We affirm.  Defendant challenges the voluntariness of the plea and contends that County Court abused its discretion in summarily denying his motion to withdraw his plea.  Defendant's challenge to the voluntariness of the plea survives the unchallenged appeal waiver and is preserved by his motion to withdraw his guilty plea (see People v. Jackson, 163 A.D.3d 1273, 1274, 80 N.Y.S.3d 735 [2018], lvs denied 32 N.Y.3d 1063, 1065, 89 N.Y.S.3d 118, 119, 113 N.E.3d 952, 953 [2018];  People v. Morey, 110 A.D.3d 1378, 1379, 975 N.Y.S.2d 201 [2013], lv denied 23 N.Y.3d 965, 988 N.Y.S.2d 572, 11 N.E.3d 722 [2014] ).  Nevertheless, we find defendant's challenges to be without merit.  The record reflects that defendant acknowledged, in response to County Court's inquiries during the plea colloquy, that he understood the provisions of the plea agreement, was not being threatened or forced to plead guilty and indicated that he had sufficient time to speak with counsel and was satisfied with counsel's representation.  Upon entering his guilty plea, defendant expressly detailed the conduct in which he engaged that constituted the crime at issue and made no statements during the plea colloquy that called into question his actual innocence.  In view of the foregoing, defendant's assertion that his plea was involuntary is belied by the record (see People v. Palmer, 174 A.D.3d 1118, 1119, 104 N.Y.S.3d 793 [2019];  People v. Torres, 165 A.D.3d 1325, 1326, 85 N.Y.S.3d 242 [2018], lv denied 32 N.Y.3d 1210, 99 N.Y.S.3d 190, 122 N.E.3d 1103 [2019];  People v. Brandon, 112 A.D.3d 1069, 1070, 976 N.Y.S.2d 334 [2013] ).  Further, absent some evidence of innocence, fraud or mistake in the plea's inducement, we are unpersuaded that County Court abused its discretion in failing to inquire further about defendant's unsubstantiated claim of innocence or in denying defendant's motion to withdraw his plea (see People v. Palmer, 174 A.D.3d at 1119, 104 N.Y.S.3d 793;  People v. Nealon, 166 A.D.3d 1225, 1226, 88 N.Y.S.3d 283 [2018] ).
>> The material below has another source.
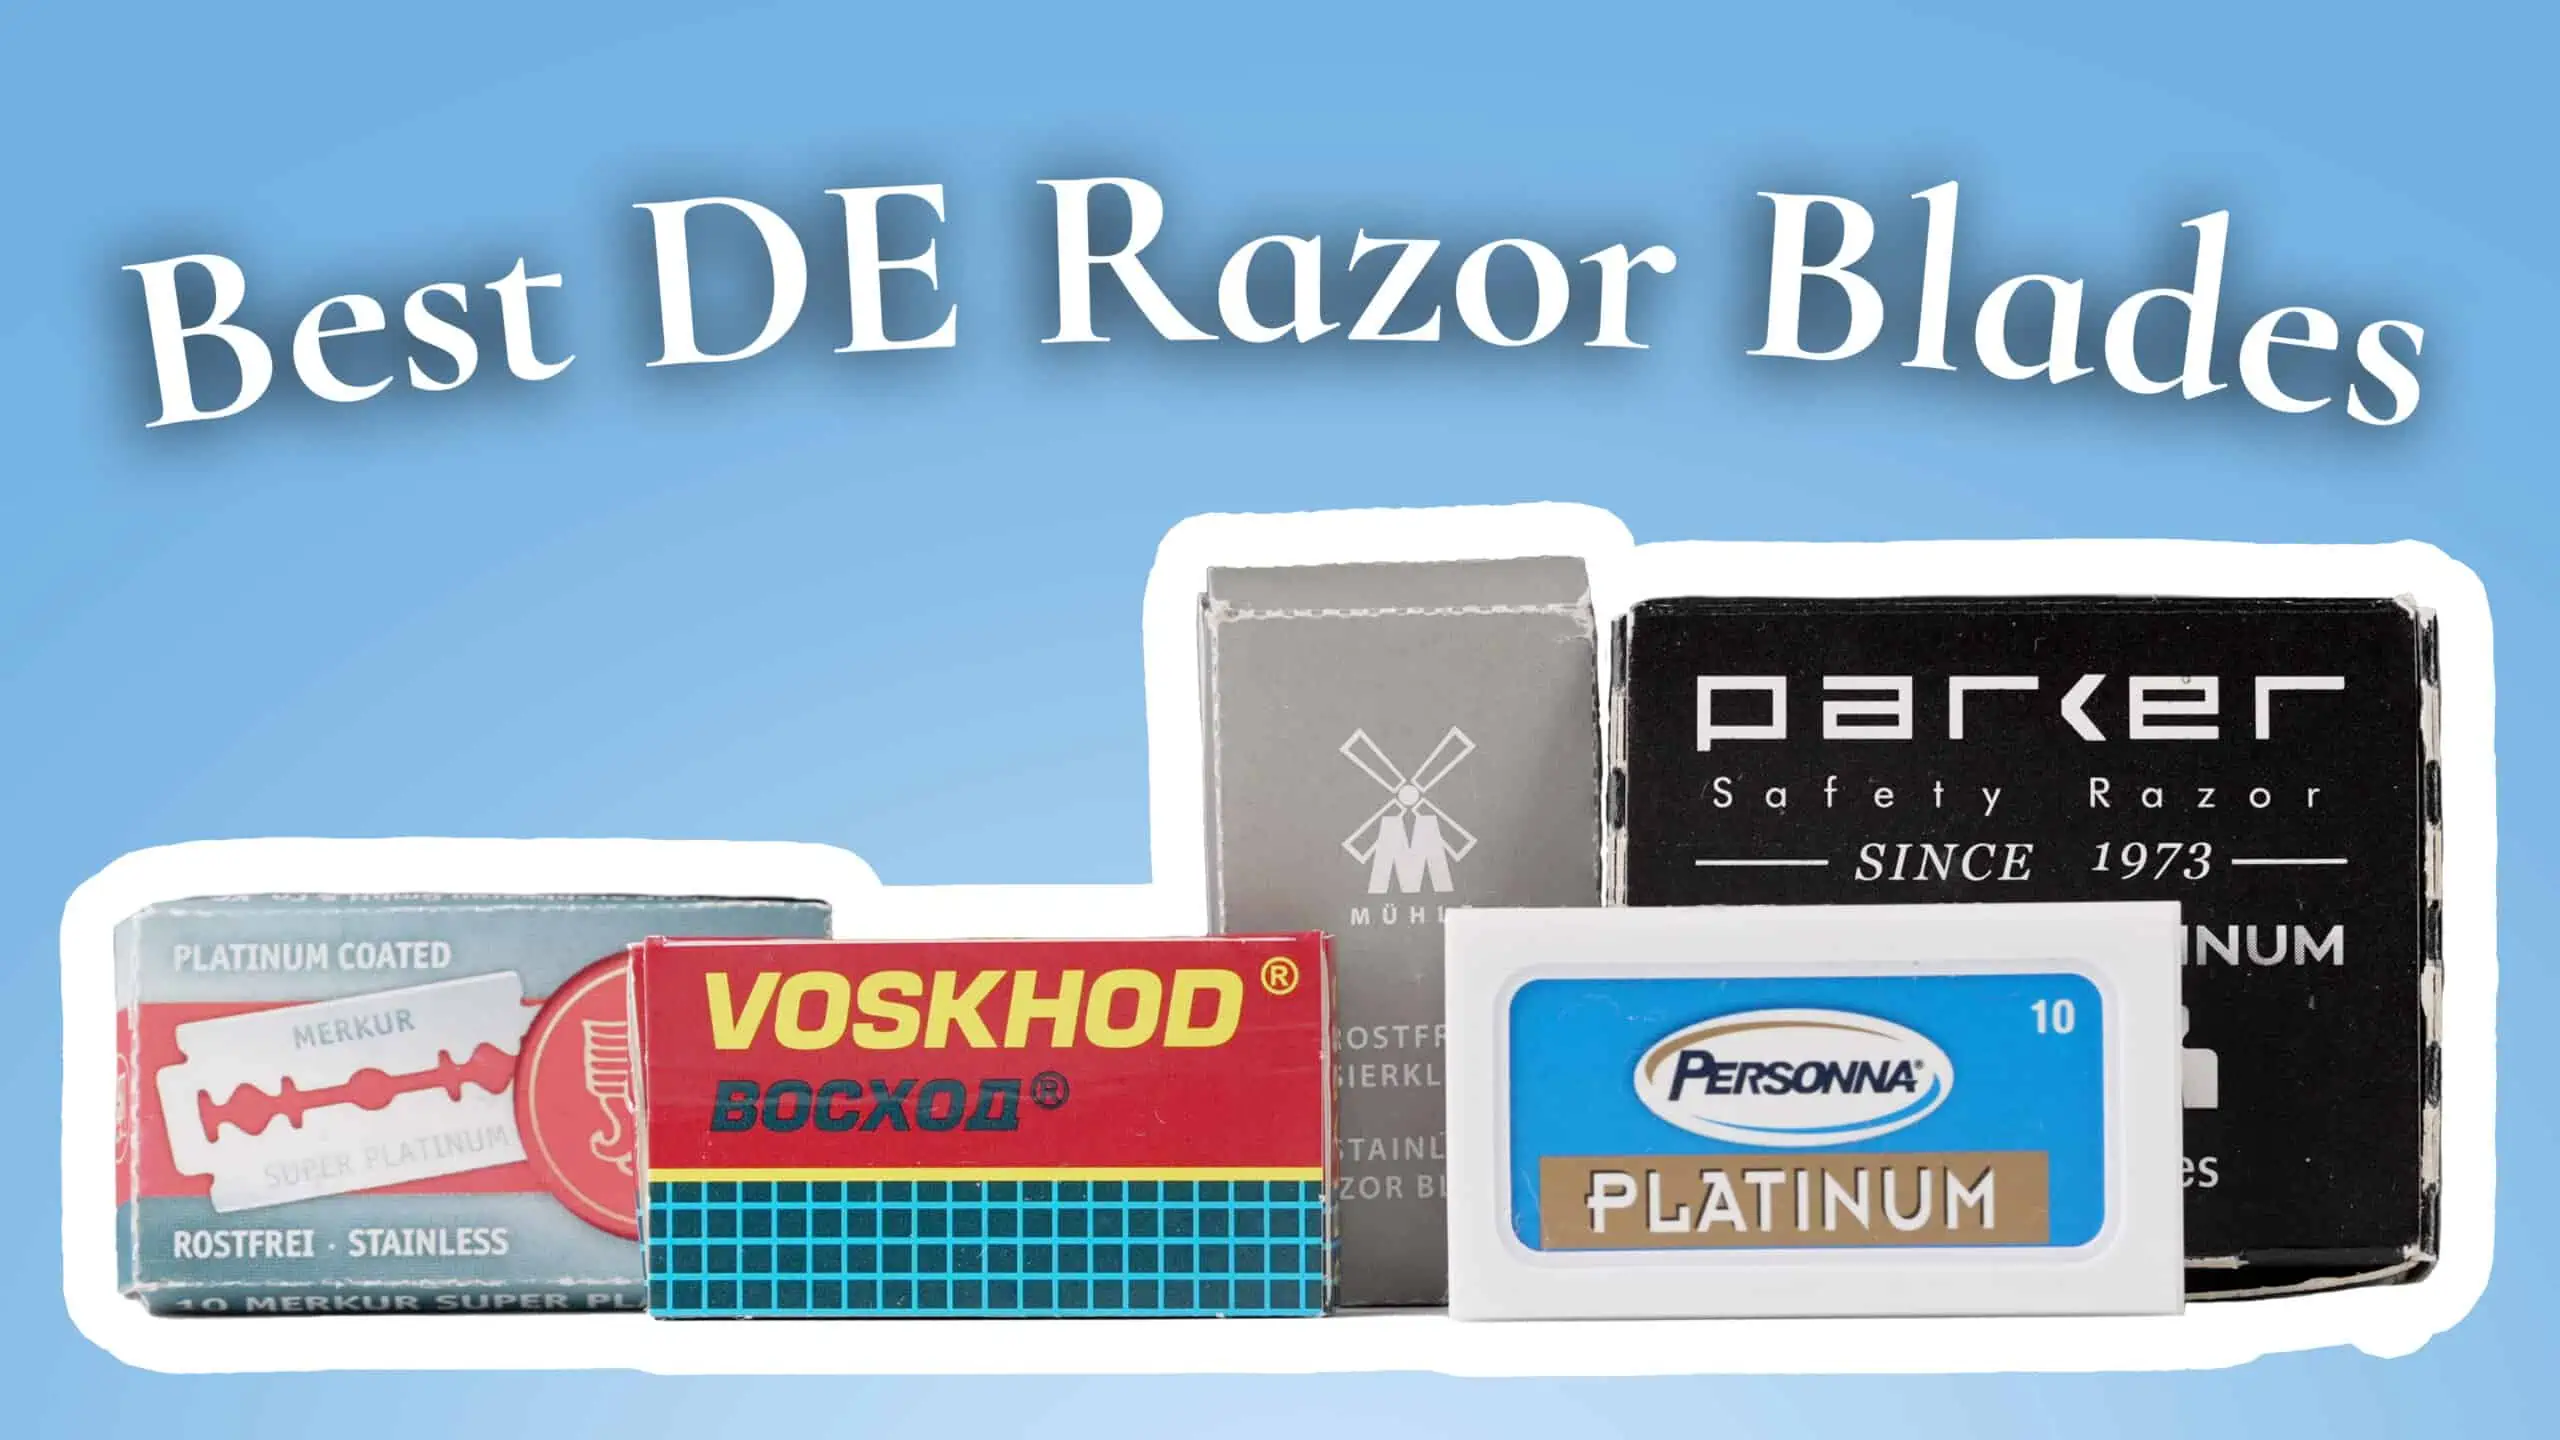 Best DE Razor Blades 3840x2160 v1 scaled

We also find without merit defendant's contention that County Court erred in denying his request for substitute counsel given that, upon inquiry by the court as to defendant's complaints about counsel, defendant failed to demonstrate “good cause” for such substitution (People v. Linares, 2 N.Y.3d 507, 510, 780 N.Y.S.2d 529, 813 N.E.2d 609 [2004];  see People v. Steed, 17 A.D.3d 928, 929, 793 N.Y.S.2d 620 [2005], lv denied 5 N.Y.3d 770, 801 N.Y.S.2d 264, 834 N.E.2d 1274 [2005];  People v. Cherry, 12 A.D.3d 949, 950, 785 N.Y.S.2d 198 [2004], lv denied 4 N.Y.3d 797, 795 N.Y.S.2d 172, 828 N.E.2d 88 [2005] ).  Finally, defendant's plea of guilty precludes any claim with regard to his right to testify before the grand jury (see People v. Steed, 17 A.D.3d at 929, 793 N.Y.S.2d 620).  Defendant's remaining contentions, including those in his pro se supplemental brief, have been considered and are without merit.

ORDERED that the judgment is affirmed.

Aarons, J.

Garry, P.J., Clark, Mulvey and Pritzker, JJ., concur.